A computer model of lens structure and function predicts experimental changes to steady state properties and circulating currents.

BACKGROUND

In a previous study (Vaghefi et al. 2012) we described a 3D computer model that used finite element modeling to capture the structure and function of the ocular lens. This model accurately predicted the steady state properties of the lens including the circulating ionic and fluid fluxes that are believed to underpin the lens internal microcirculation system. In the absence of a blood supply, this system brings nutrients to the core of the lens and removes waste products faster than would be achieved by passive diffusion alone.
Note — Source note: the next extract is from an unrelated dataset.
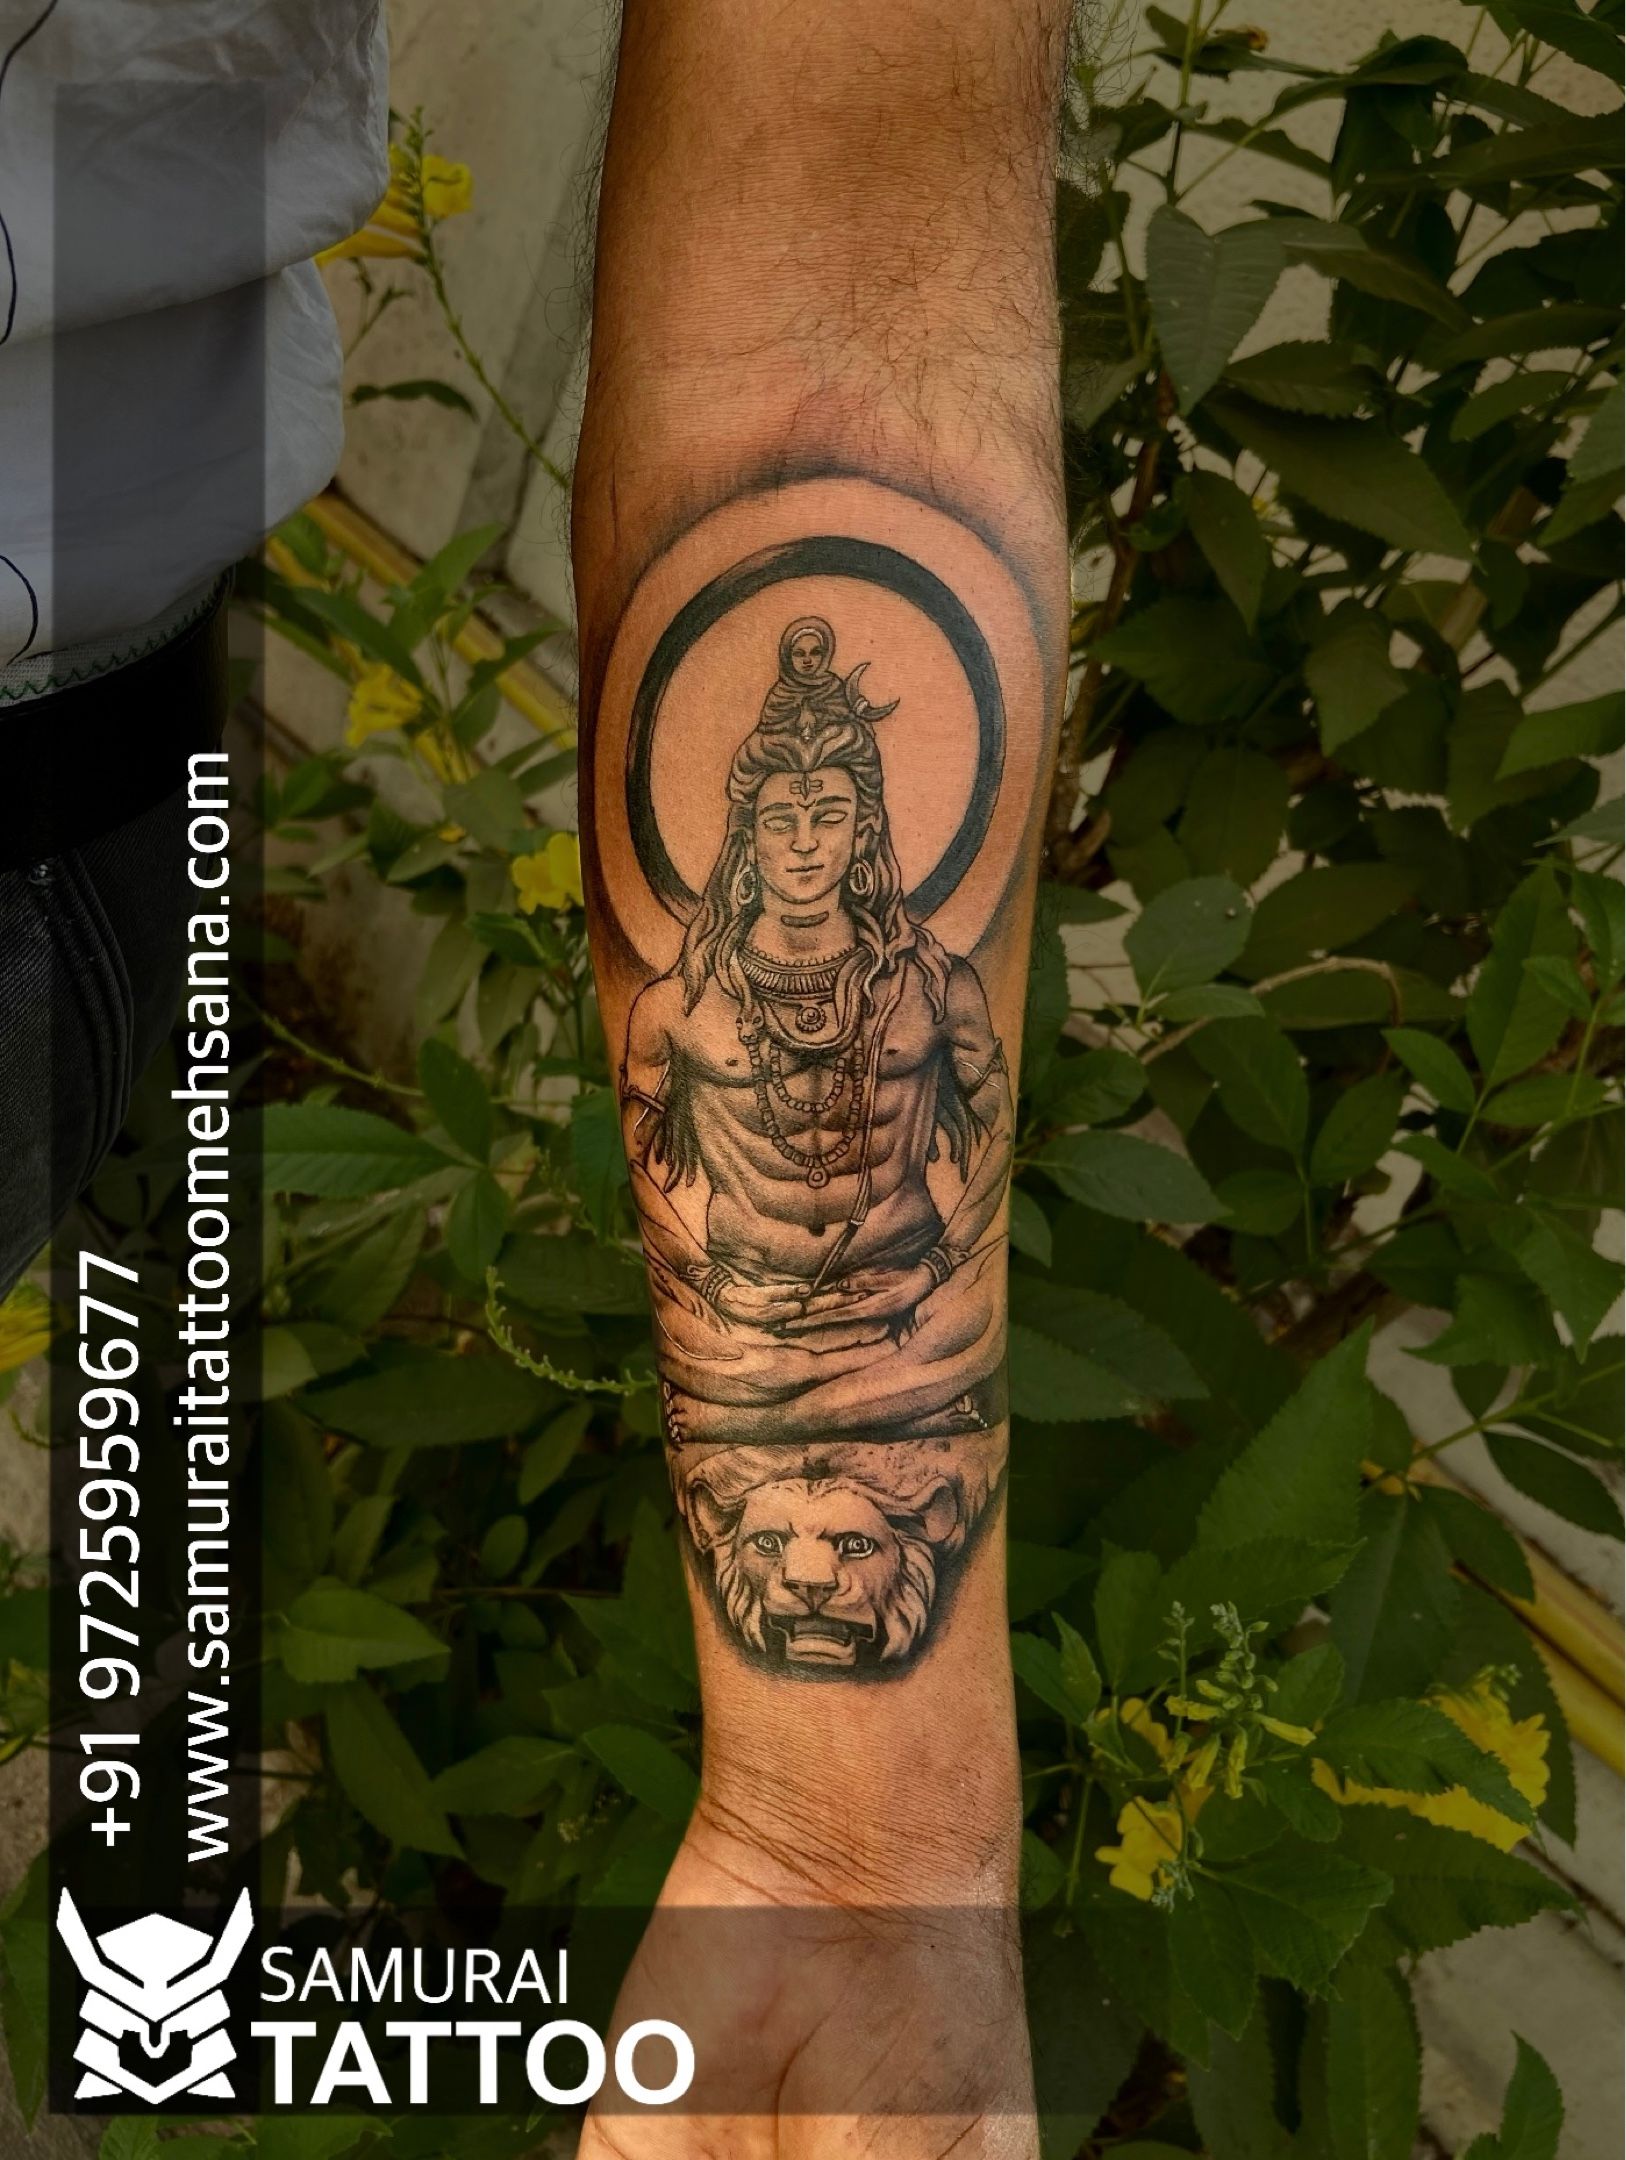 Shiva Tattoo | lord shiva Tattoos | Bholenath Tattoo | mahadev Tattoo  |Samurai Tattoo Mehsana | Bholenath tattoo, Shiva tattoo, Mahadev tattoo

Here we test the predictive properties of our model by investigating whether it can accurately mimic the experimentally measured changes to lens steady-state properties induced by either depolarising the lens potential or reducing Na+ pump rate.

METHODS

To mimic experimental manipulations reported in the literature, the boundary conditions of the model were progressively altered and the model resolved for each new set of conditions. Depolarisation of lens potential was implemented by increasing the extracellular [K+], while inhibition of the Na+ pump was stimulated by utilising the inherent temperature sensitivity of the pump and changing the temperature at which the model was solved.

RESULTS

Our model correctly predicted that increasing extracellular [K+] depolarizes the lens potential, reducing and then reversing the magnitude of net current densities around the lens. While lowering the temperature reduced Na+ pump activity and caused a reduction in circulating current, it had a minimal effect on the lens potential, a result consistent with published experimental data.

CONCLUSION

We have shown that our model is capable of accurately simulating the effects of two known experimental manipulations on lens steady-state properties. Our results suggest that the model will be a valuable predictive tool to support ongoing studies of lens structure and function.